Notwithstanding the widely publicized cases of seeming
excess — such as the $76 million worth of shares given to the CEO of Credit
Suisse in 2010, just months before the company cut 2,000 jobs in response to a
weak global recovery — shareholders already have effective mechanisms to
discipline companies’ executives. True, there are situations when shareholders
fall prey to fraudulent or predatory behavior. But can a uniform regulation of
executive pay prevent those?
Consider Enron. The massive fraud by its executives, with
the help of auditing firm Arthur Andersen, occurred under the full oversight of
regulators. Non-transparent accounting rules that assigned a huge role to
auditing firms created a false sense of security among investors. Similarly,
attempts to regulate executive pay could be seen as relieving shareholders of
one of their key responsibilities. It will hardly incentivize them to be more
vigilant.
The fall of Enron was actually an instance of the market
doing its job. The company and its culpable auditor, Arthur Andersen, are out
of business. In sharp contrast, the now-common notion of “too big to fail”

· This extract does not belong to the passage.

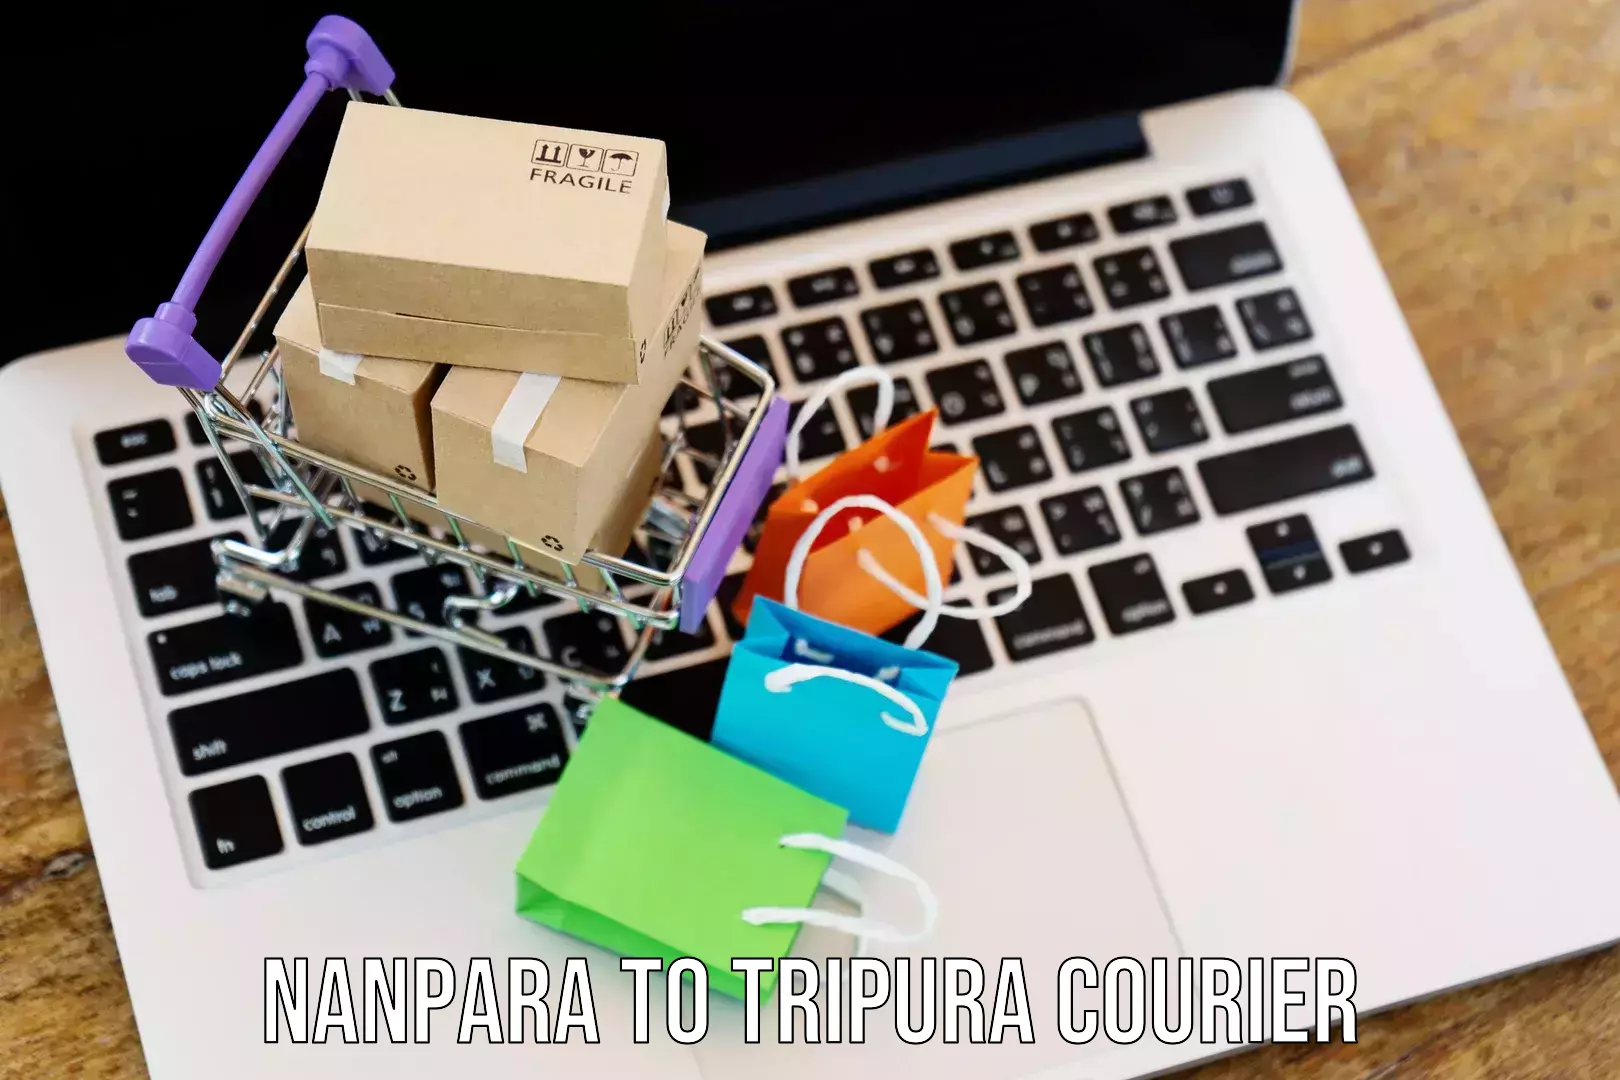 24-hour delivery options Nanpara to Tripura

effectively eliminates bankruptcy as a disciplining device of the market. When
it comes to corporate plutocracy or cronyism, especially in the financial
sector, executive pay is a very minor part of the problem. Much more scandalous
is the extent to which our financial institutions are shielded from losses
through the use of public money.
Reasonable people may disagree about whether Europeans
and Americans should let big financial institutions fail. But whatever one’s
take on that question, the debate over executive pay is just an adolescent
distraction from the hard choices policymakers need to make.